Лесная глушь - С. Максимов
Шрифт:
Интервал:
Закладка:
Но из среды моршанских швецов выделилась историческая личность основателя молоканской веры — одной из наиболее распространенных сект — Семена Матвеича Уклеина, или, попросту и по-молокански, — Семенушки.
Будучи уроженцем той местности (под Борисоглебском, Тамбовской губернии), где кормились некоторые от портного ремесла, и он, по завету отца, ходил по деревням с товарищами кроить и сшивать овчины в полушубки про домашний обиход желающих и в казну но подрядам от денежных людей. Поработав у одного из таковых (Побирухина) и вступив в его веру (духоборческую), Семенушка Уклеин рассорился со стариком, ушел от него, покинув жену, — дочь Побирухина. Додумавшись до своей веры, во многом отличной от духоборской, Уклеин, под видом и с ремеслом швеца, пошел ее рассказывать везде там, где ему давали работу. В то время когда его товарищи забавляли хозяев в долгие и темные осенние и зимние ночи сказками да загадками, песнями да прибаутками, мистически настроенный и начитанный от книг Святого Писания Семен Матвеич проповедовал новую веру: учил держаться одного Евангелия, отвергал церковь и духовенство, советовал собираться на моление для того только, чтобы петь псалмы и слушать и толковать Евангелие.
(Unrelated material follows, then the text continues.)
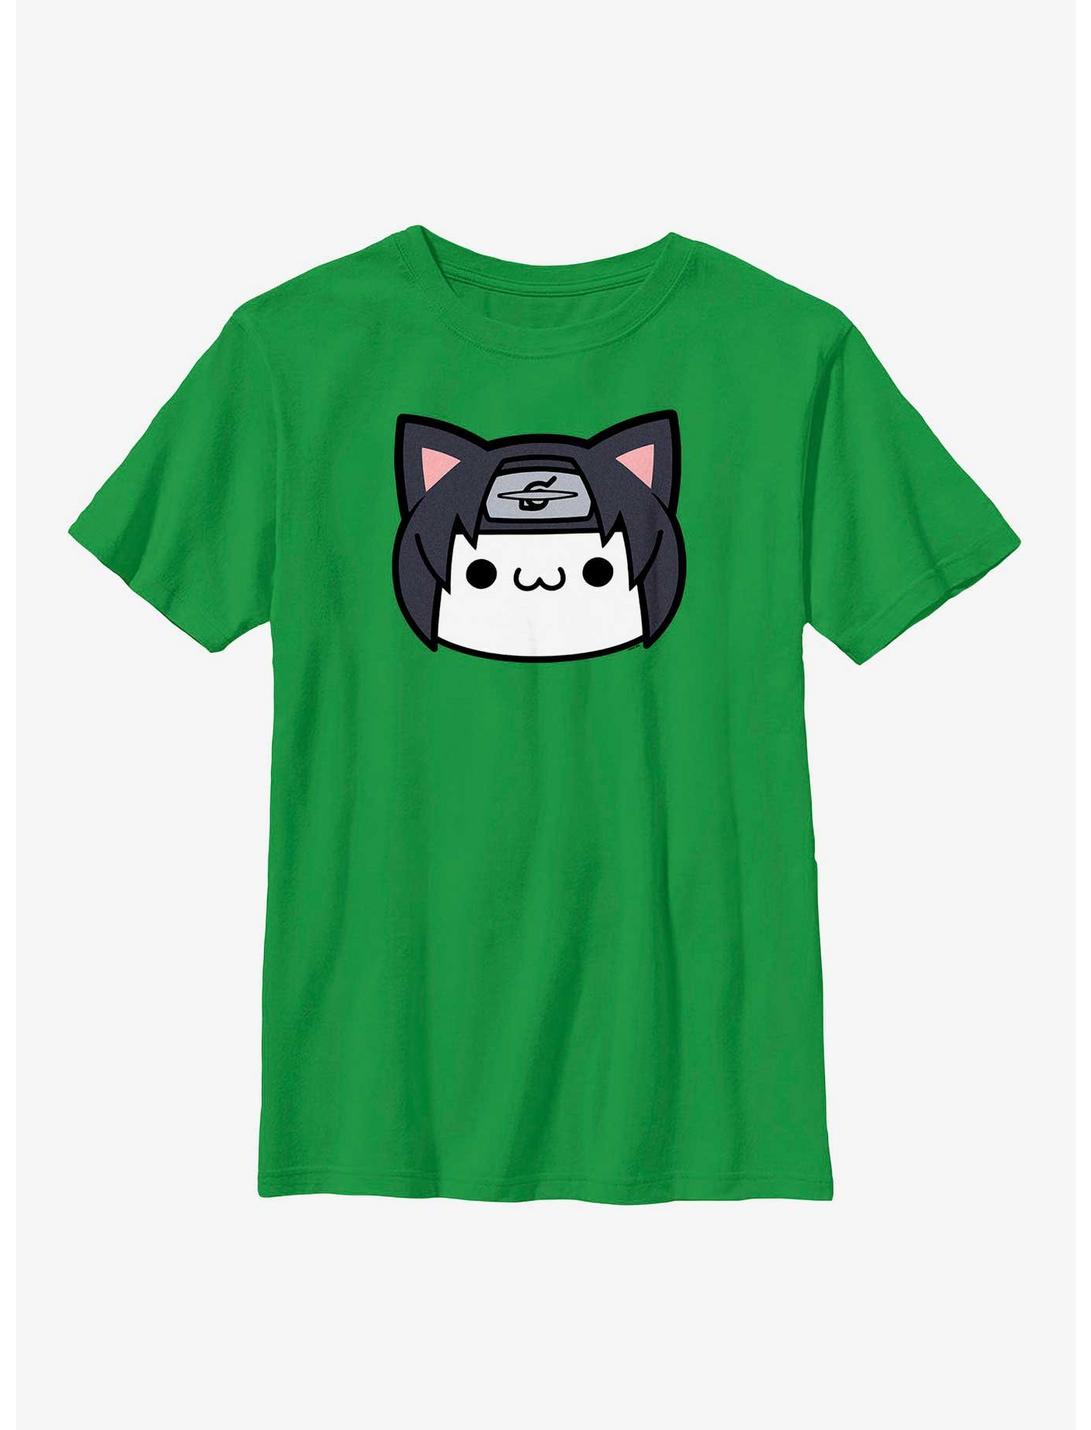 Naruto Itachi Cat Face Youth T-Shirt, KELLY, hi-res

Не побоялся он (когда того потребовали) торжественно войти в город Тамбов (как бы в Иерусалим), соблазнить в молоканскую веру много народу по Цне, по Хопру. Когда же императрица Екатерина II повелела освободить его из тамбовского острога, куда попал он после вшествия в Тамбов, он привел в свою секту множество деревень около Новохоперской крепости, под самым Тамбовом (в селе Рассказове), под городом Балашовом. Соблазнил многих из приверженцев духоборства (в Песках) и из исповедников иудейской веры (субботников под саратовским городом Балашовом). Ушел за Волгу и там распространил молоканство по рекам Иргизам и Узеням. Теперь его вера и на Молочных водах в Таврической губернии, и за Кавказом в Бакинской и Тифлисской губерниях, и в Сибири под Томском, и на Амуре, и на Зее под Благовещенском.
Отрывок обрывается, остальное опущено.